While critics have decried AMLO for being “anti-development,” López Obrador acknowledges the importance of, and has pledged to work with, industrial sectors to generate growth. But the kind of modernization his administration supports may diverge from the way it’s typically been seen in Mexico, where modernization has been racialized and tailored to benefit a small sector of Mexican society at the cost of collective decision-making and democracy.

Growth at Any Cost

On November 11, about 5,000 people marched in favor of NAICM and against the results on the consulta. Organizers decried the imposition of a “fake” referendum and encouraged protestors to wear black, in tribute to the canceled (“killed”) airport and the “end” of the rule of law. They characterized the referendum as an anti-democratic action, highlighting that the group in charge of running it was an extension of López Obrador’s transition team.  In an interview with Animal Político, protester Laura Herrejón said, “the consulta carried out by López Obrador and Morena [his party] is a mockery at Mexicans and their democracy. They made the questions, the ballots, and their personnel counted the votes.”

Many people at the march protesting the “anti-democratic” measures called for unity among Mexicans, speaking out against polarization in Mexico. But others blazoned xenophobic and racist messages and warnings equating AMLO to Venezuela’s Nicolás Maduro, chanting “Venezuela started like this, Mexico don’t fall asleep.” The protesters demanded accountability for losses—not of human lives, but of investments and investors’ confidence.

The march garnered significant press, but does not represent Mexican reality. A Mitosfky Group poll showed that prior to the consultation, a strong majority of Mexicans were in favor of putting the fate of the airport to a vote, and while some polls showed that more people supported the continuation of the project, there was a large (and significant) portion of people who were undecided or indifferent about the project.

These protests made a telling statement: that for some, securing neoliberal economic growth is more important than securing a more inclusive growth that could improve conditions for victims and potential victims of violence in Mexico. While protestors in 2001 rose up to preserve their lands, resulting in their violent repression five years later in Atenco orchestrated by Peña Nieto, these protestors demanded the preservation of the status quo—an all-powerful state engaged in unilateral decision-making.  

As protestors called for unity, their silences on issues that afflict Mexican society was a resounding statement on their positionality within their country and their lack of regard for real unity among all Mexicans. That these Mexicans marched in protest of a “dead” airport, but not for dead compatriots, reveals much about racial and class privileges in Mexico.

Yet rather than create polarization in Mexican society, as some have criticized, it is clear that López Obrador’s election has instead brought to the surface long-standing tensions and prejudices in Mexican society rooted and resulting in an unequal distribution of resources.

Popular Legality

The process of the consulta has challenged politics as usual.
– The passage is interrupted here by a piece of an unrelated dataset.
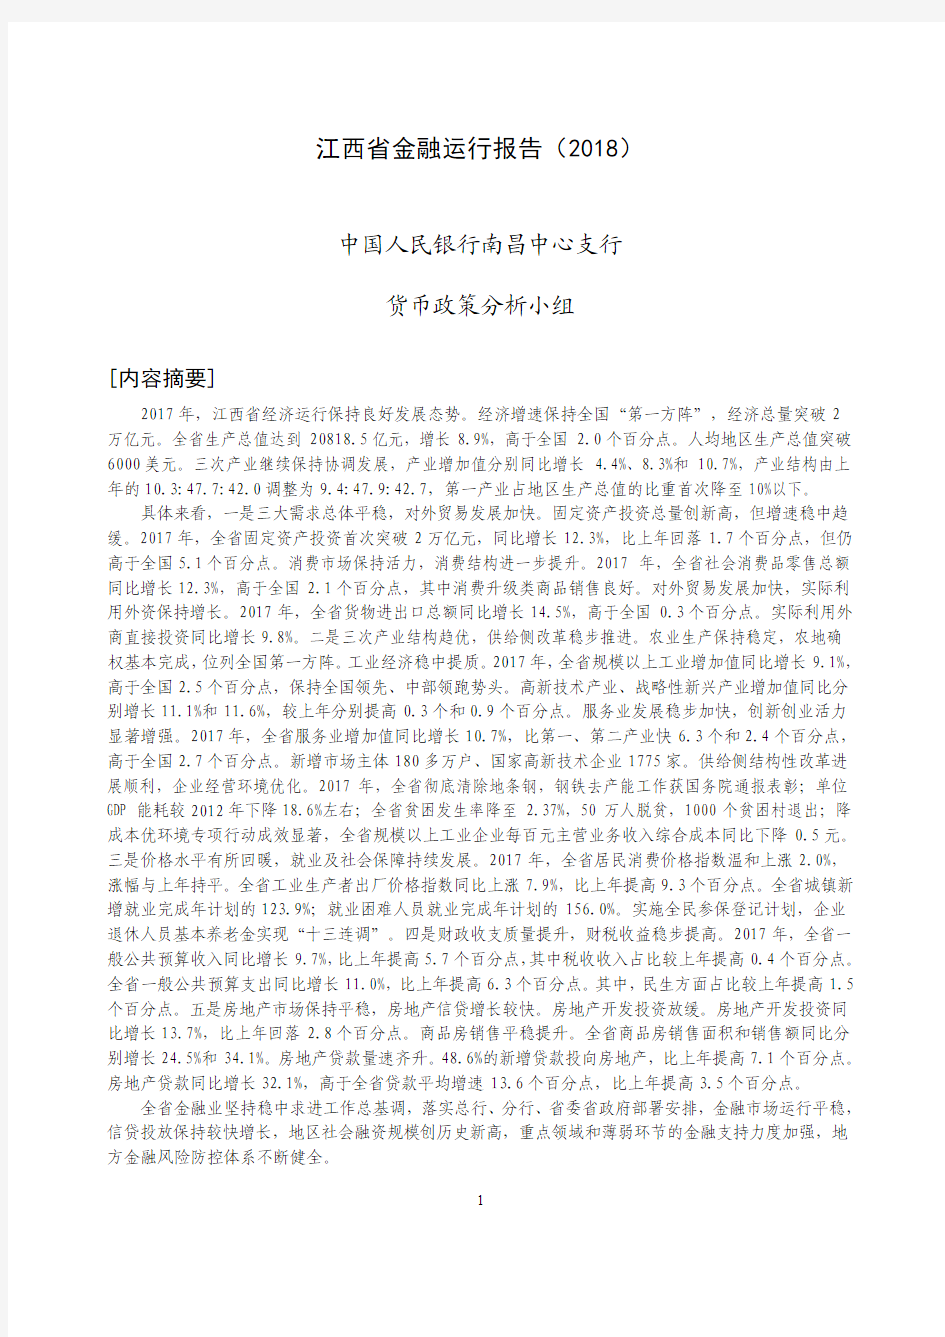 《江西省金融运行报告(2018)》

Whether the consultation was responsibly conducted or not is of less relevance in this context—there were clear deficiencies with the way it was organized, and the same can certainly be said for the second consulta this past weekend, which had even lower participation than the first. However, even when conditions are ideal for referendums to be held, detractors still find a reason to prevent the practice of collective decision-making. This is a precondition of neoliberal reform—let experts, technocrats, and businesspeople make models and base their decisions off of these models, and let the masses be the passive receptors of these policies.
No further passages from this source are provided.